Pour vous offrir mes fleurs, mes fleurs...



C'est peut être exalté, concon, "adolescent" LA "nouvelle insulte"...
tu voulais cependant ne pas oublier que le 24 novembre de tu sais plus quelle année, ta prof de maths t'a regardé et t'a dit : Oui Georges, Barbara est morte, alors maintenant sors ta Casio et tes neurones, secoue toi et fais pas chier, t'as des vecteurs sur le feu. 

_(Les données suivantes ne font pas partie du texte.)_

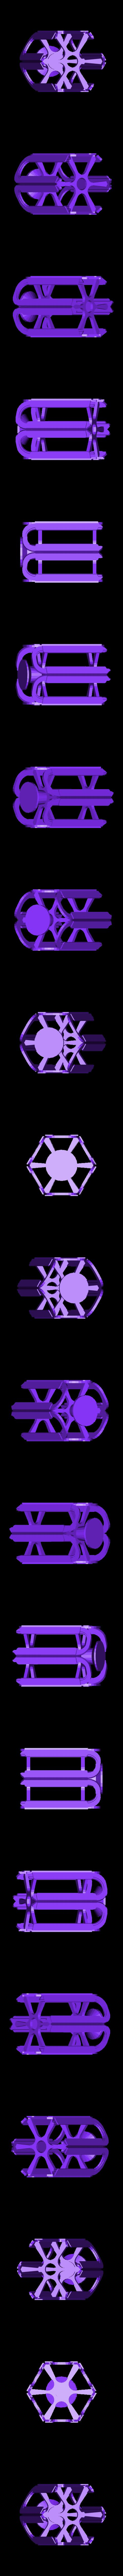 Assembly.stl Download free STL file Dolce Gusto Capsule Holder • 3D printer object, MVSValero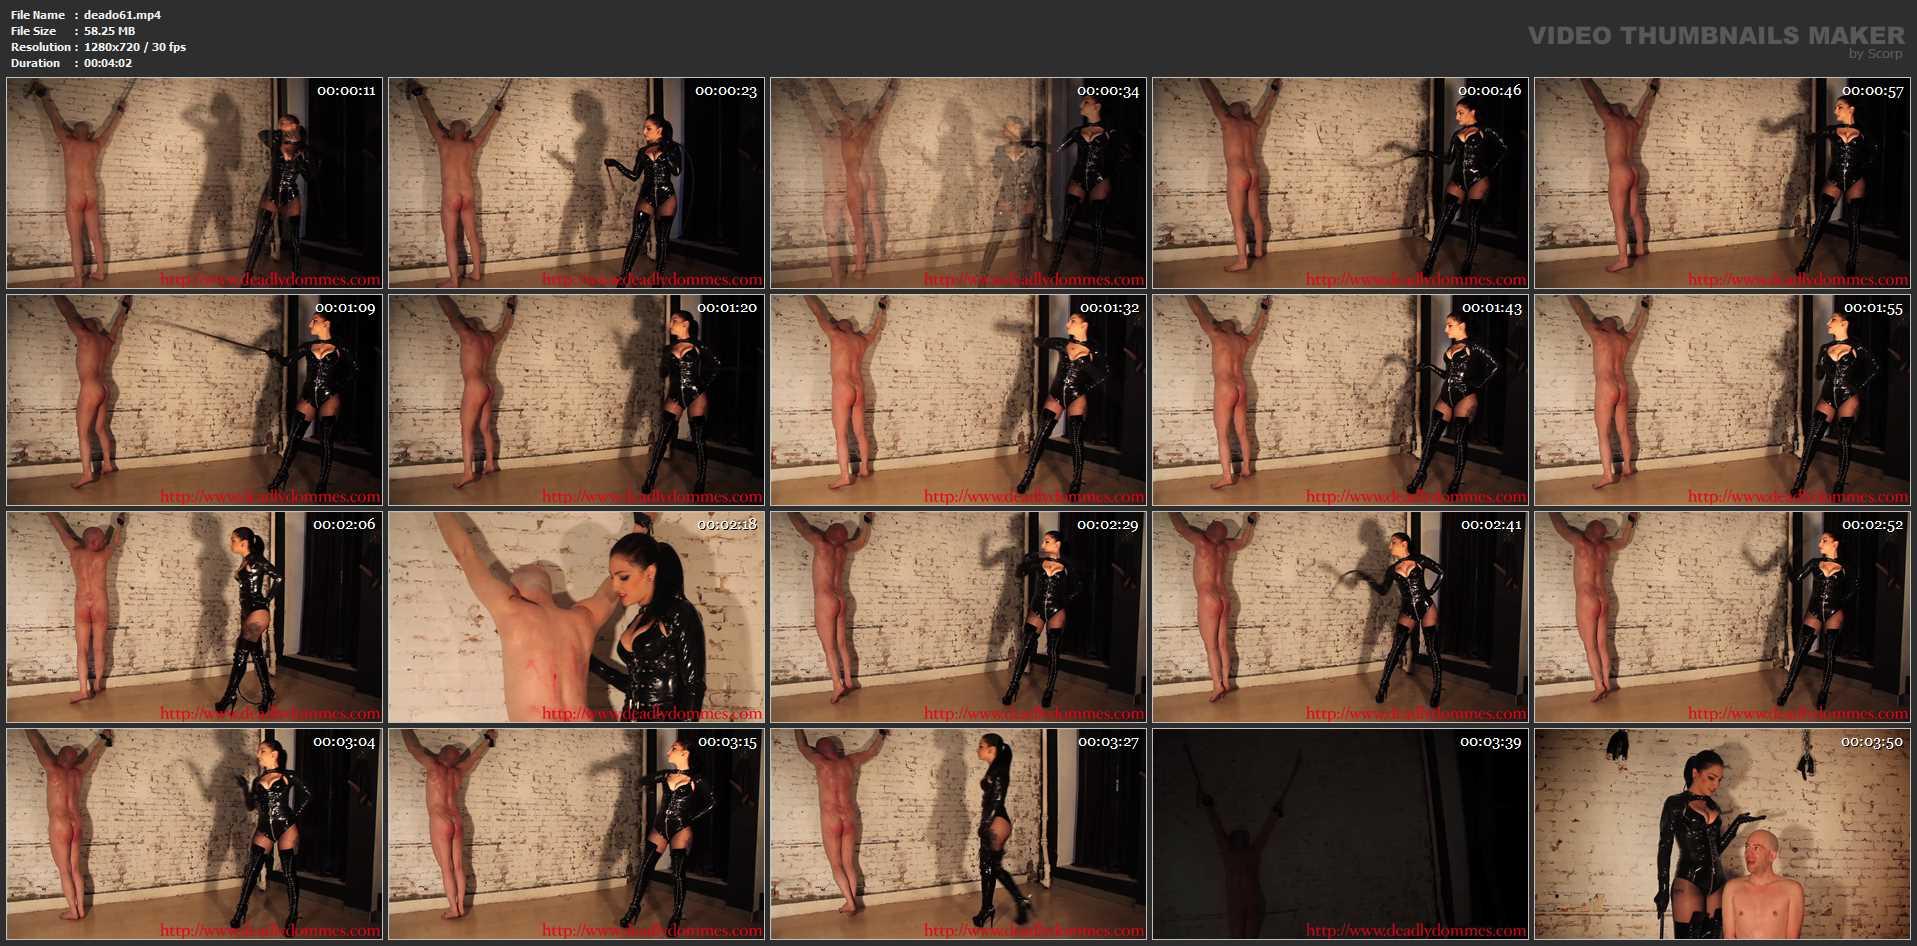 Mistress Cracks The Whip - DEADLYDOMMES - HD/720p/MP4

La prof de maths, c'te grosse mytho. 
Barbara a chanté toute la journée en tournoyant sur la platine, te communiquant joie et force. 
Comme si Barbara pouvait vulgairement mourir.
Au pire, c'est une éclipse.

Barbara, morte... Genre.

 

3 commentaires:

  1. Très bel hommage qui a le mérite de se faire dans la douceur, en demi-teinte, et qui ajoute un peu à ma haine des profs de maths. =)

    Barbara, morte...Genre.

    Ouais, genre.

    Merci, j'en ai ressorti ma playlist, voila bien des mois qu'elle s'empoussiérait. Mais que veux-tu... "Je ne suis pas de celles qui meurent de chagrin, je n'ai pas la vertu des femmes de marin."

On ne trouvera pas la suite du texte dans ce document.